Kappa actually has a “don’t write, don’t care” syntax that allows the modeler to omit the binding status or the state of the site (or even the entire site) completely, in an agent description. This essentially means that we don’t care about these conditions in the context of the present rule, and that they will not be checked when an agent is being screened to see if it matches the patterns described in the rule. There are other syntactical ways in Kappa for explicitly declaring less-constrained or unconstrained binding states for sites, but for the purposes of this introduction to formal grammars, we will not be covering them within the subset of the Kappa syntax that we are presenting here. Returning to the site grammar now - since we already have the grammar for the site name (we’ll just use <name> again), let’s develop the grammar for the (optional) binding notation.

<dot> ::= “.”
<open_sq_br> ::= “[”
<close_sq_br> ::= “]”
<binding_index> ::= <digit> | <binding_index><digit>
<binding_status> ::= <dot> | <binding_index>
<binding> ::= <open_sq_br><binding_status><close_sq_br>

Since the binding status of a site can be represented using either a dot for the unbound state, or a binding index, we have defined a <binding_status> element that can be either one of these. In the <binding_index> element, we have used the kind of recursive description that we used to build the <name> grammar, defining the binding index as either a digit, or a binding index followed by another digit. This allows the <binding_index> element to consist of anything from one to multiple digits, although in practice, any given Kappa rule is very unlikely ever to contain enough binding descriptions within the same rule, that it would require the use of binding indices with more than one digit - but hey, you never know! Finally, we put it all together to describe the overall binding status of the site in <binding>, as a set of square brackets containing the binding status in the form of a dot for the unbound form, or an integer index for the bound form.

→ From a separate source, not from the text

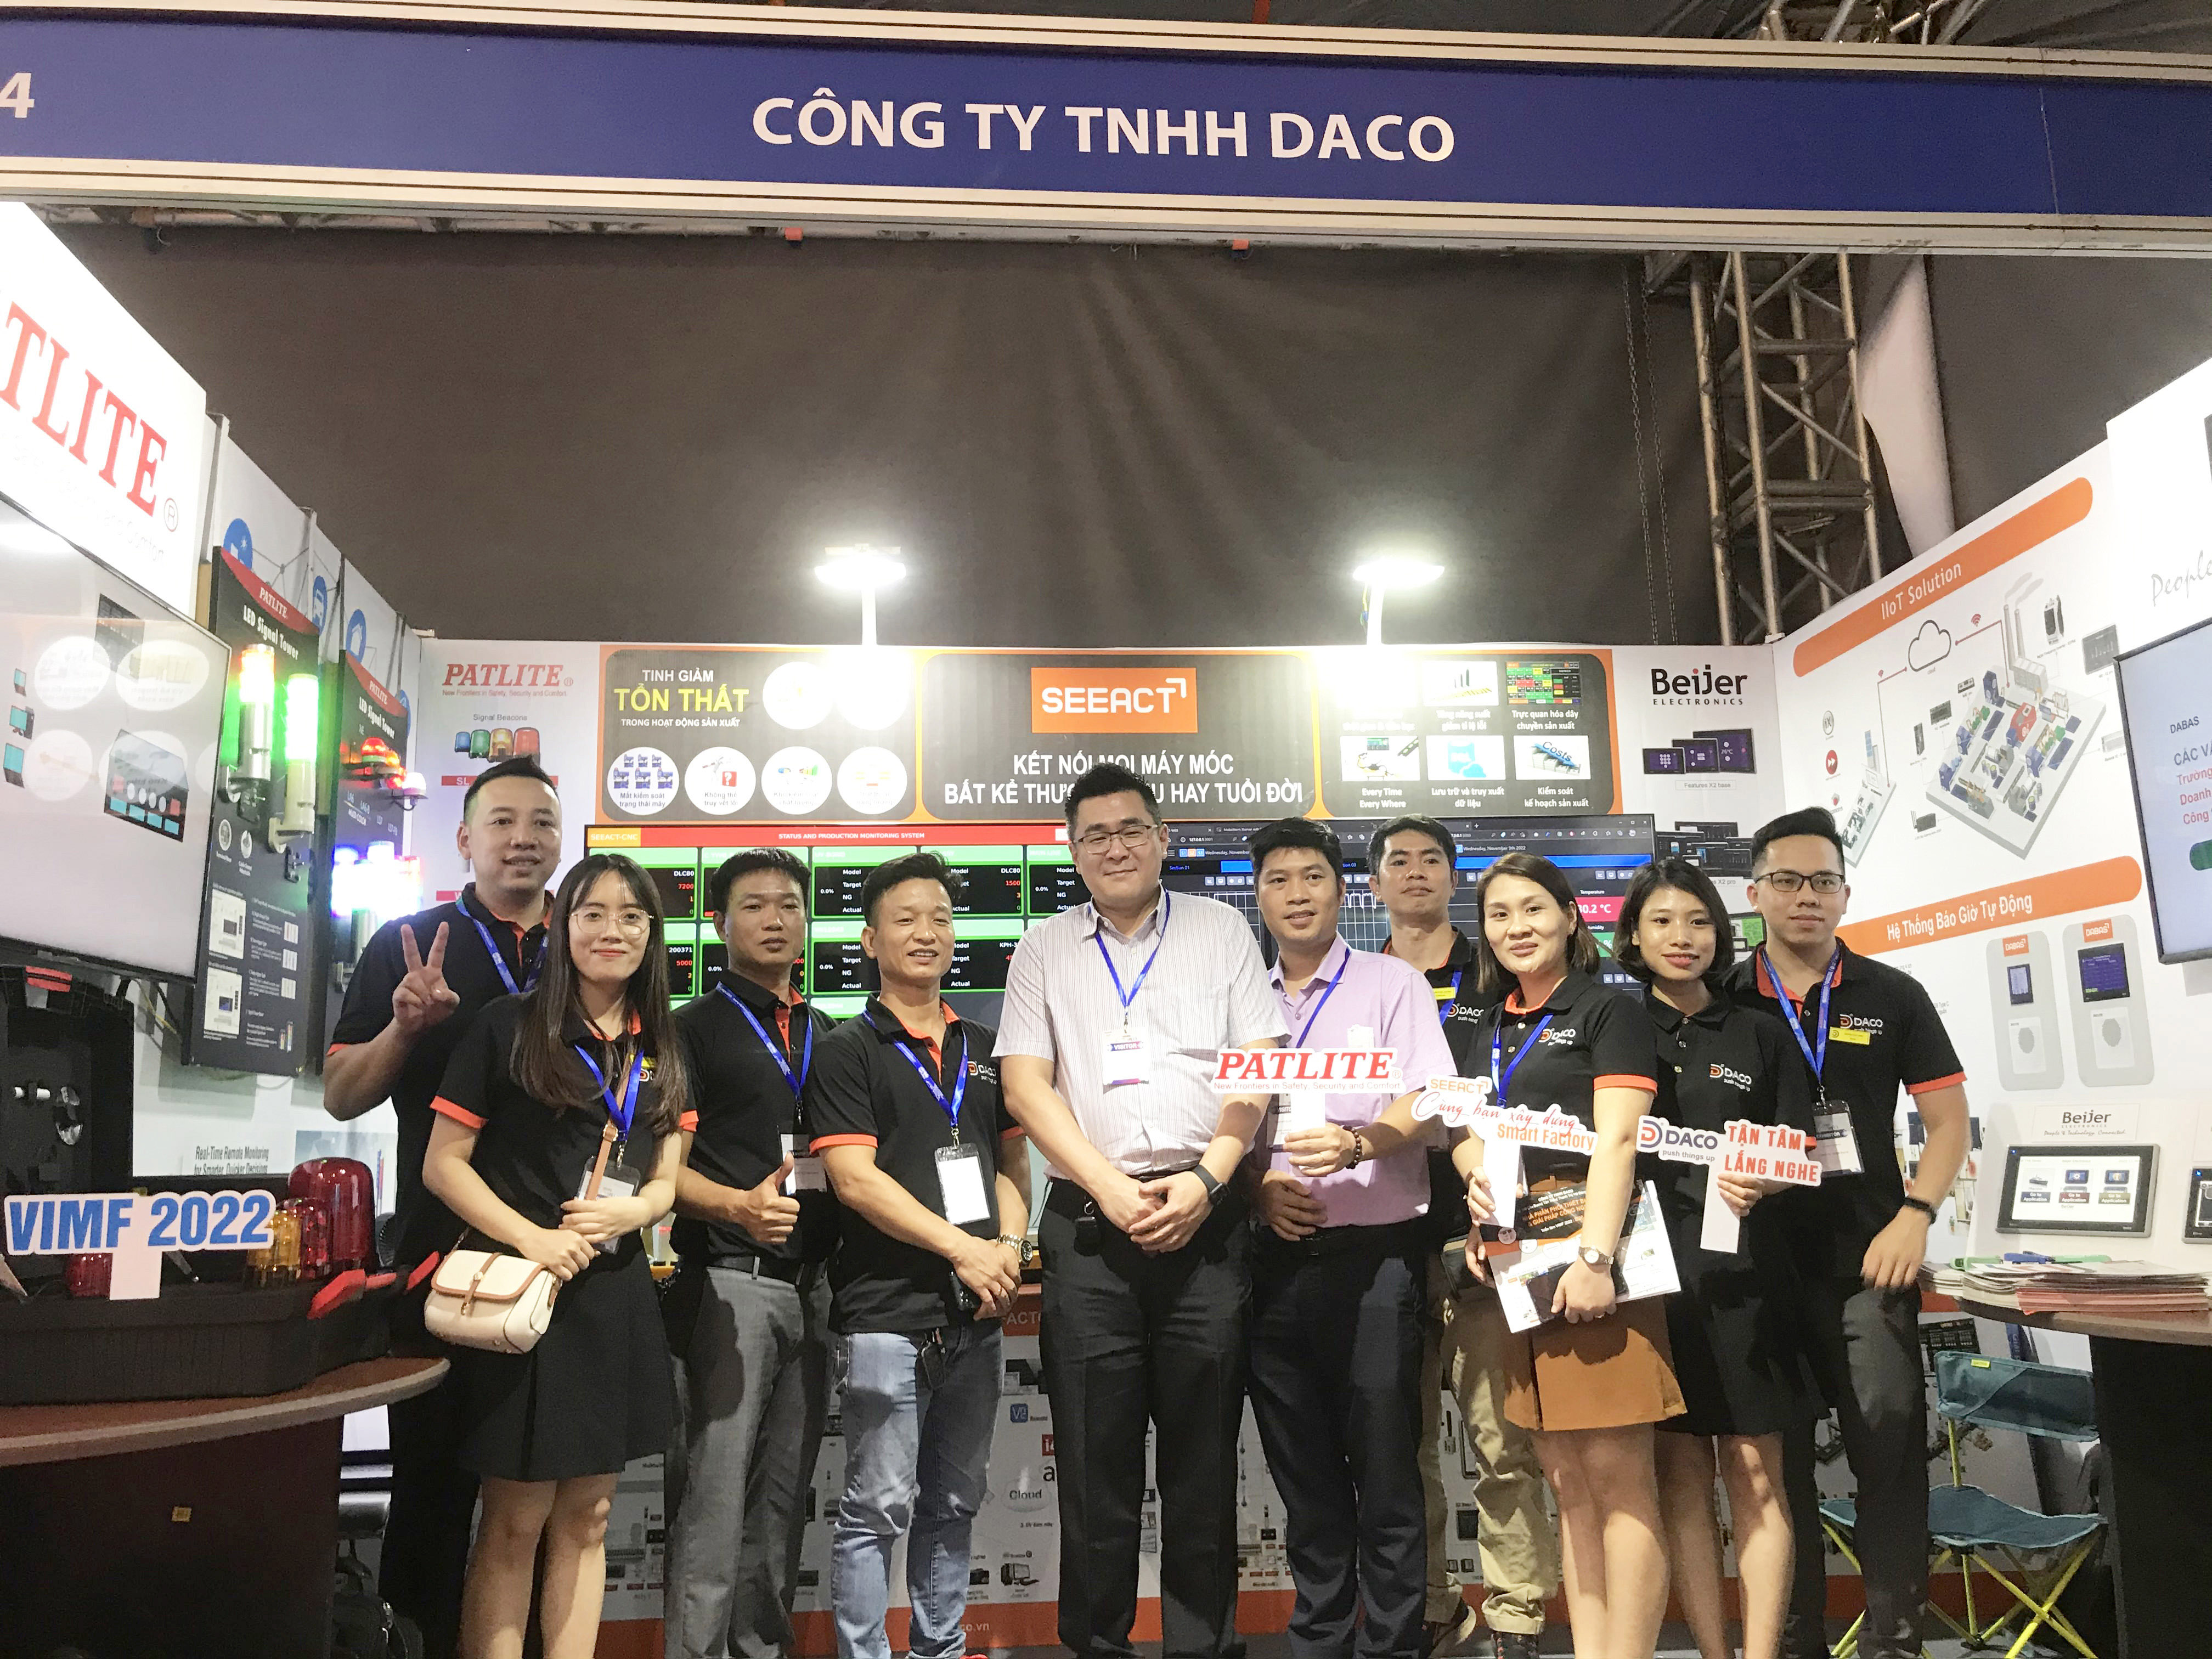 DACO - VIMF 2022 Bac Ninh

Now we will define the grammar for the site’s state.

<open_curly_br> ::= “{”
<close_curly_br> ::= “}”
<state_label> ::= <name_character> | <state_label><name_character>
<state> ::= <open_curly_br><state_label><close_curly_br>

This grammar for the state of the site looks very similar to the grammar for the binding. To denote a state, we use curly brackets instead of square brackets, and the brackets contain a state label rather than a binding status, but the idea is very much the same. The <state_label> does not have the same requirement to have a letter in the first position as an agent or site name, but it is does have to be composed of the same set of permitted characters.

Now that we have grammar definitions for the site’s name, binding status and state, we are ready to put it all together and define an overall grammar for a Kappa site. Remember, the binding and state notations are optional, so we need to be able to handle a site that is presented in name only, or with either one or both of the binding and state declarations, as shown previously:

<site_status> ::= <binding> | <state> | <binding><state> | <state><binding> | ""
<site> ::= <name><site_status>

Since the Kappa syntax allows either the binding or the state declarations to be omitted entirely, or included together in any order, we have defined a <site_status> element that describes all five possible combinations, including an empty string (““) to signify nothing.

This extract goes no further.